Bishop's Stortford Hockey Club is a field hockey club in the town of Bishop's Stortford, Hertfordshire, England. The club plays in the East Region Hockey Association. The home ground is located at The Hertfordshire and Essex High School, where both the clubhouse and pitch are located.

The club has 800 active members and fields a total of fourteen senior sides, six men's and eight ladies' playing in the East Hockey Leagues. The Men's 1st XI play in the East Men's Division 1 South and the Ladies 1st XI play in the Vitality Women's Conference East.

Bishop’s Stortford Hockey Club has been reaccredited for another 3 years (2022-2025) as a ClubMark club (Sport England), making the club one of a select number across England to achieve the England Hockey ClubMark status.

History 
The club formed in 1948 and games were played at Cricket Field Lane, Hockerill Anglo-European College and Sawbridgeworth. The club barely raised a team in the early days, players relied on getting to away fixtures by train and taxi due to the lack of motorcars after World War II. In 1969 the club was elected to the Hertfordshire County League and the East Central League in 1972. Promotion to the East Region Hockey Association was gained in 1975.

The club had a number of successes over the years including County Champions in 1974, 1981 and 1986, East runners-up in 1982 and H.A. Cup quarter finalists in 1982 and 1986. Later successes include the integration of the Ladies Hockey Club and partnership in 1993 with Hockerill Anglo-European College.

In 2019 Bishop’s Stortford Hockey Club moved from Cricket Field Lane to The Hertfordshire and Essex High School, where a state of the art pitch and clubhouse overlooking the pitch with floor to ceiling windows and a balcony was built.

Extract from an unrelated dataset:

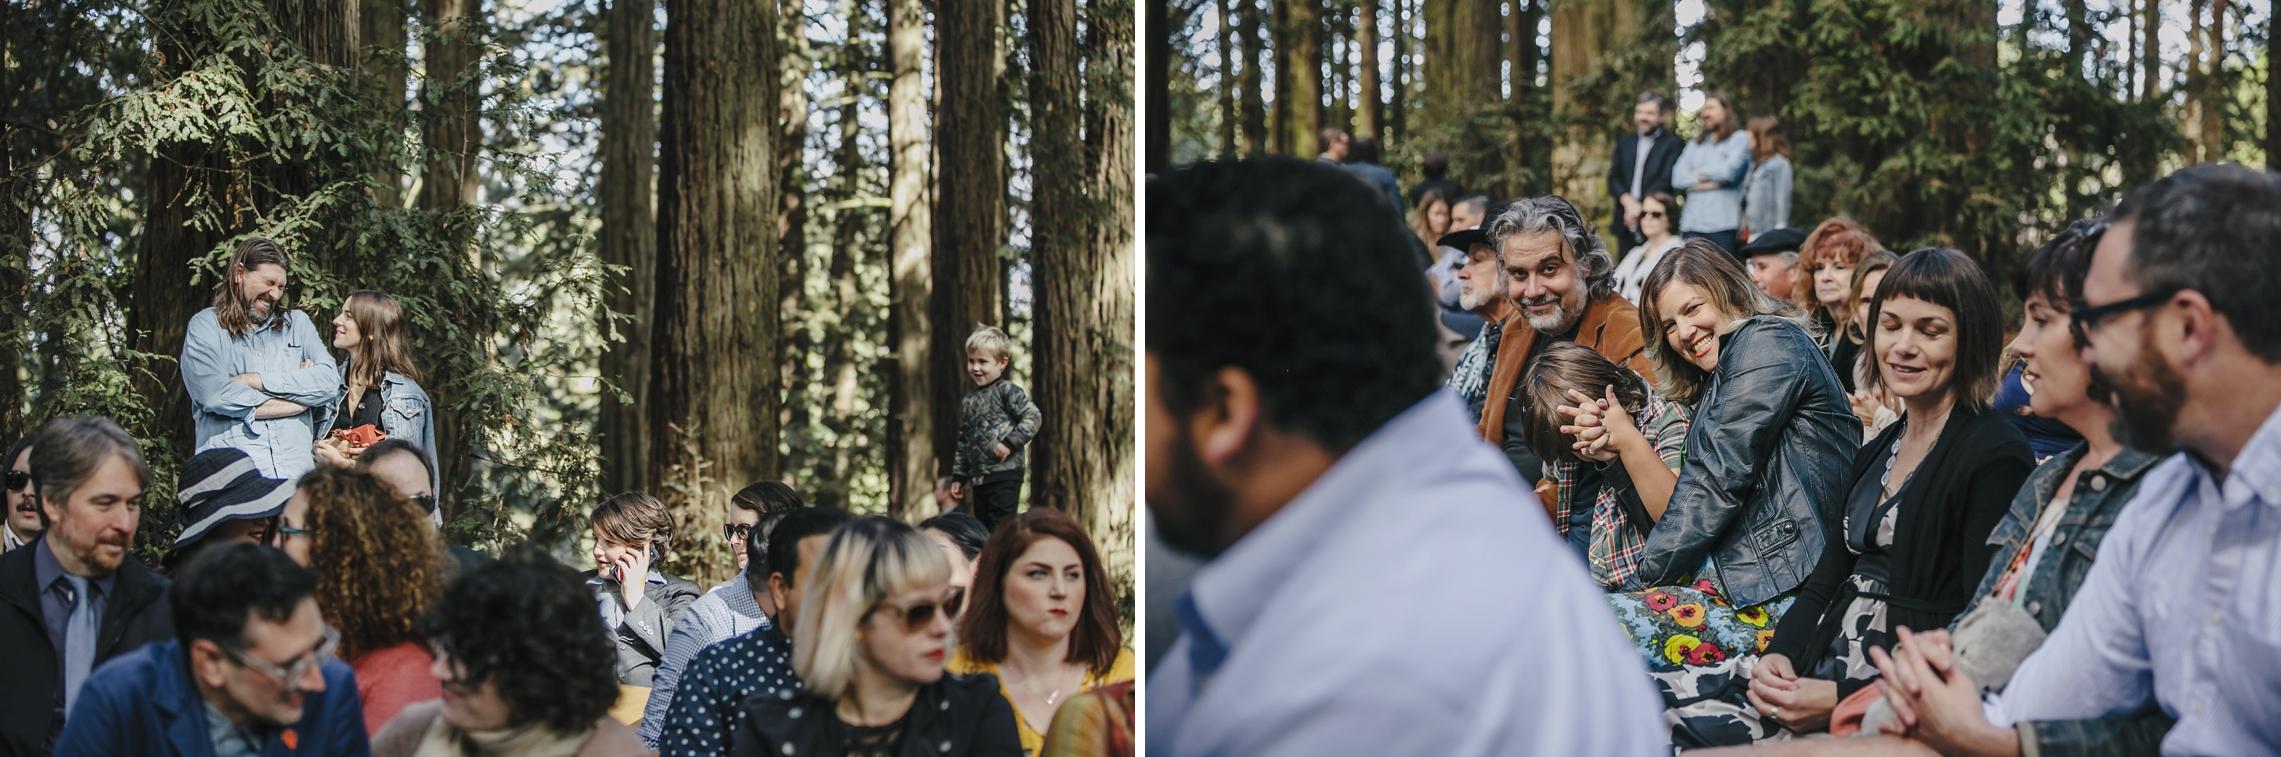 Redwood regional-oakland-wedding_0004.jpg

The project has been a collaborative one, with funding coming from a variety of bodies and institutions including the Department for Education, Hertfordshire County Council, East Herts District Council, Sport England, Bishop's Stortford Judo Club, Bishop's Stortford Hockey Club as well as staff, students, parents, friends and families.

Senior Section 
The Ladies 1st XI had back to back promotions starting from 2019, where they become champions of both the East League Division 1 South and a year later champions in the East Premier Division. This saw the Ladies 1st XI for the first time in club history play in the Vitality Women's Conference East league.

Junior Section 
The clubs junior hockey caters for children from ages 5 to 18 and provides an opportunity to the local schools in the area, where hockey is not a mainstay of the PE or extra-curricular offer. The club also offers to other groups such as a new initiative in partnership with Grove Cottage to offer disability hockey.

Overall the club has developed a thriving junior section with over 500 members and runs hockey camps throughout the year, such as hockey training programmes with EVO Hockey.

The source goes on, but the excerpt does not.